My writing reflects this kind of irony. The first drafts of my work tend to be pretty morose, sometimes to the point where I reread it, and I have to remind myself that life isn’t all that bad. I do shirk from happy endings in the traditional sense. Being alive is sometimes good enough for some of my characters, but death can provide its own brand of comfort. I’m not a fatalist mind you. There is beauty in struggle.

Q: Tell me about your novel, From Filth & Mud. What was the original idea behind it?

A: From Filth & Mud is a project that was ten years in the making. It is the story of Jacob Harrington, a once proud Marine whose glory days are behind him. Jacob now finds himself battling his demons and it’s taking a toll on his family. Should he exit stage left? Just as he teeters on the precipice, he fatefully runs into his old war-buddy who comes offering salvation. How’s about a job as a private military contractor? Jacob relishes the opportunity for renewed purpose, and as he is about to redeem his lost dignity, his world comes crashing down around him.

Meanwhile thousands of miles away in sunny Silicon Valley, a young research scientist toils fruitlessly, but suddenly after a myriad of failures, eureka! Dr. Emmanuel Monte-Alban has created a cure for the inevitable scourge of humanity, a cure that will also save Jacob’s son. This cure may prove to be deadly effective, and in the hands of his employer, BioSyn, it most certainly will. While the young doctor is pressed into perfecting his creation’s effectiveness, a few competing sovereign interests uncover his work. Could his creation be weaponized? Enter the Dragon, the Eagle, and the Bear. Oh my!
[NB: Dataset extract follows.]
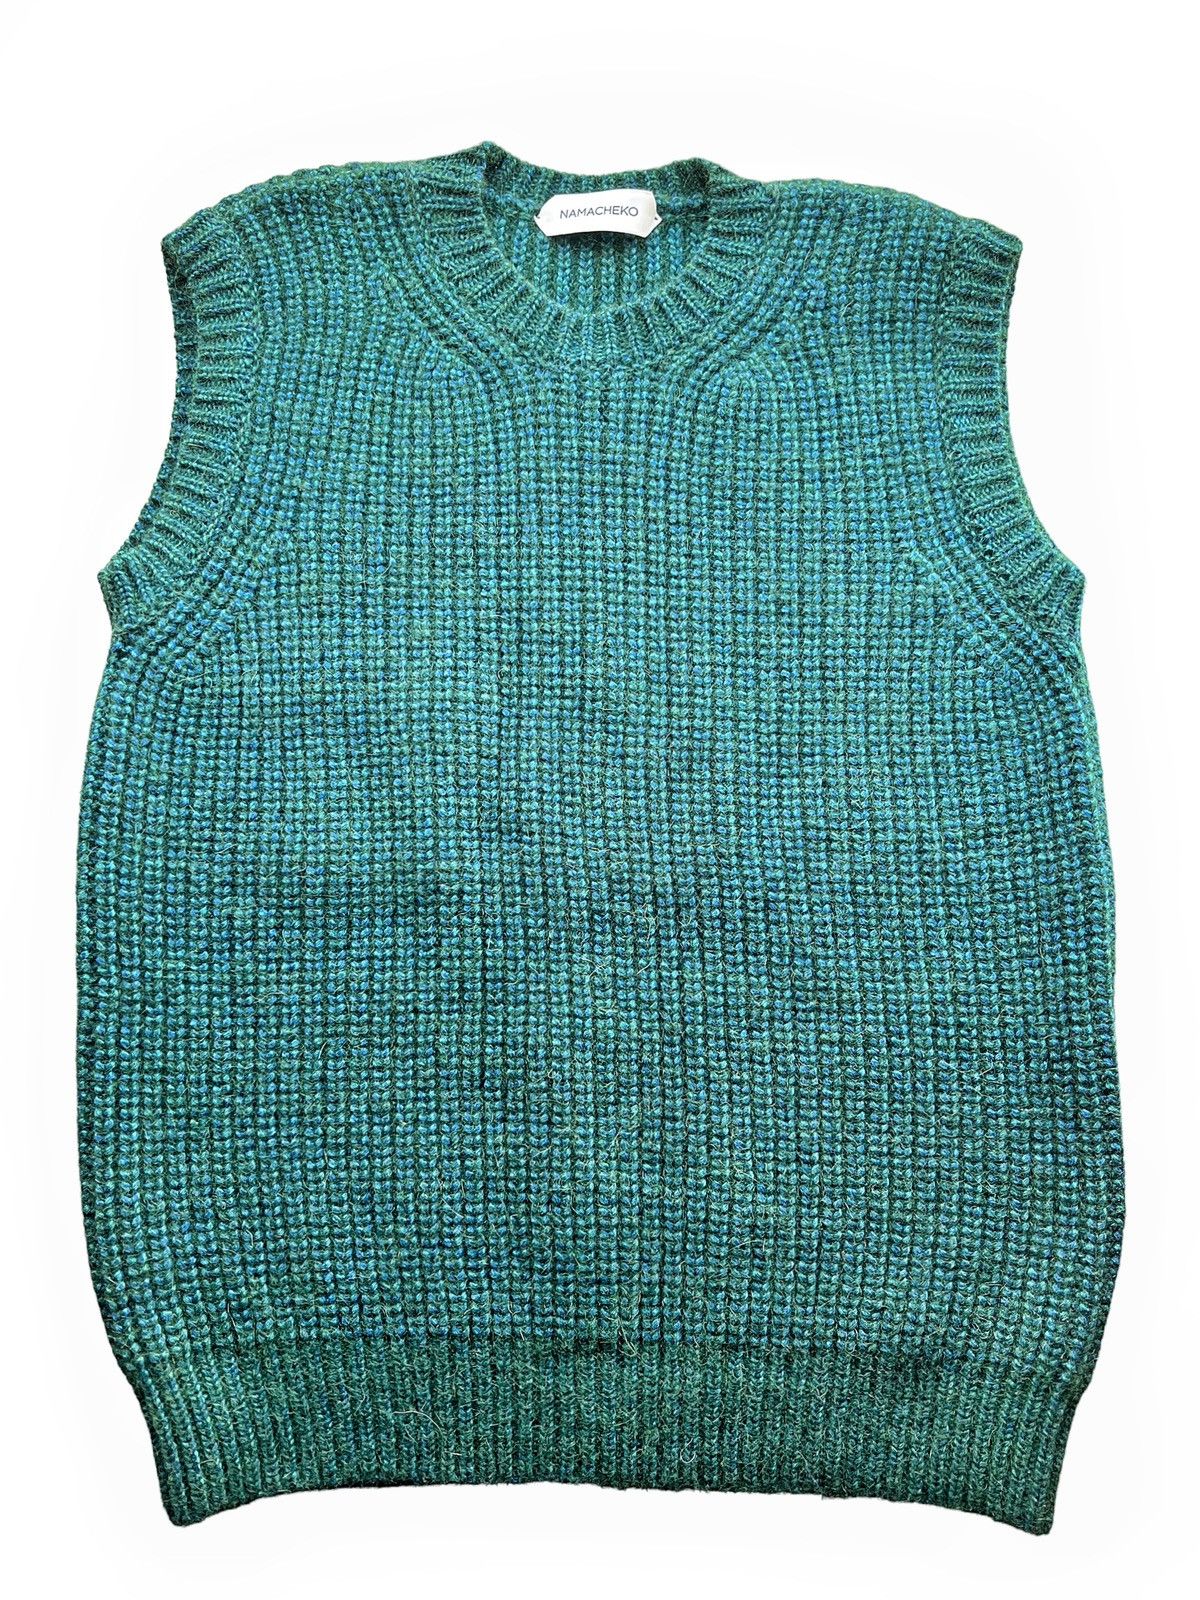 Namacheko Sample Multicolor Green Knit Alpaca Vest | Grailed
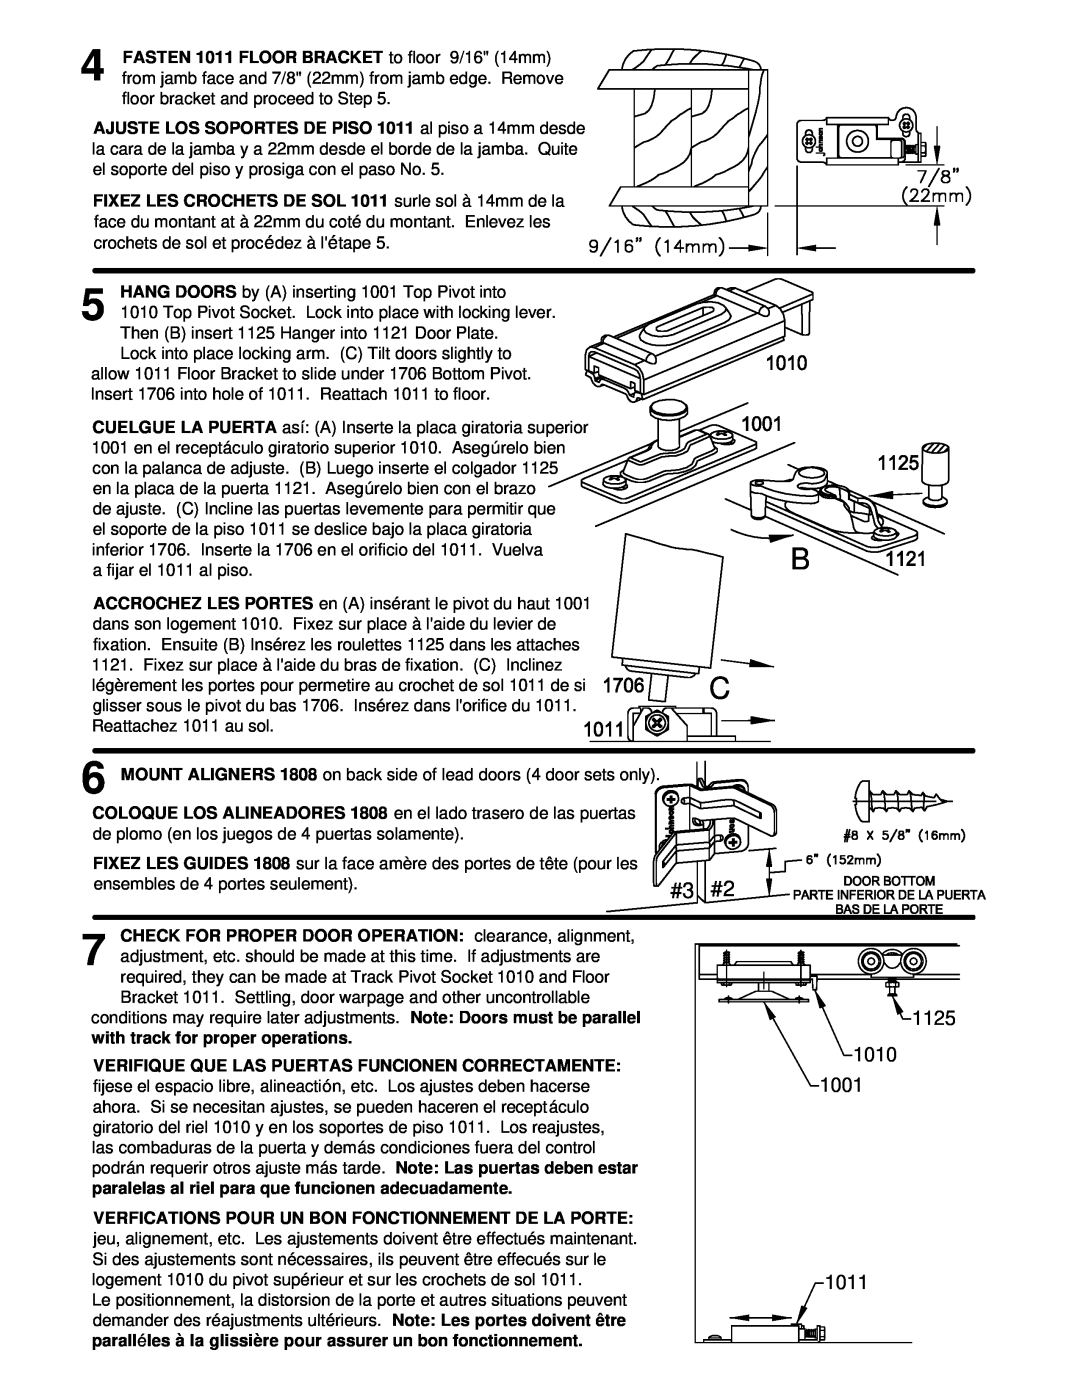 Johnson Hardware 100FD Series, IN100FLD manual 1125, #3 #2

When the doctor disappears, Jacob is called to lead a highly-skilled team of mercenaries to find him and his cure. There is one catch. Jacob must return to the site of his spiritual death, Basrah, Iraq in a quest for redemption. No outcome is certain, but the fate of his salvation, his son’s, and perhaps the world’s hangs in the balance. Let’s hope Jacob is not found wanting.

I began writing the first few pages back in 2005. I was a student at Connecticut College then, majoring in English Literature with a concentration in creative writing which is about as far from Marine Infantryman as you can get. That was also the time when I was suffering from a powerful bout of depression. I was honorably discharged from my unit the year before, and I had still not adjusted to life back home after being deployed for a year. I saw the story that would turn into From Filth & Mud as a way to give tangible life to the tumult that was in my mind, and so I began to put words to paper. Then life got in the way, and I just stopped writing. I guess I convinced myself that I had to get serious about my life, but I never forgot the story. I graduated with my English degree. There were no job prospects so naturally law school seemed like a good idea. Finally, last year, after avoiding the story for so long, I decided that I couldn’t ignore the urge to return to the story. I decided to go for it. I squirreled away every spare minute at night and weekends to give life to the story that I had begun a decade ago.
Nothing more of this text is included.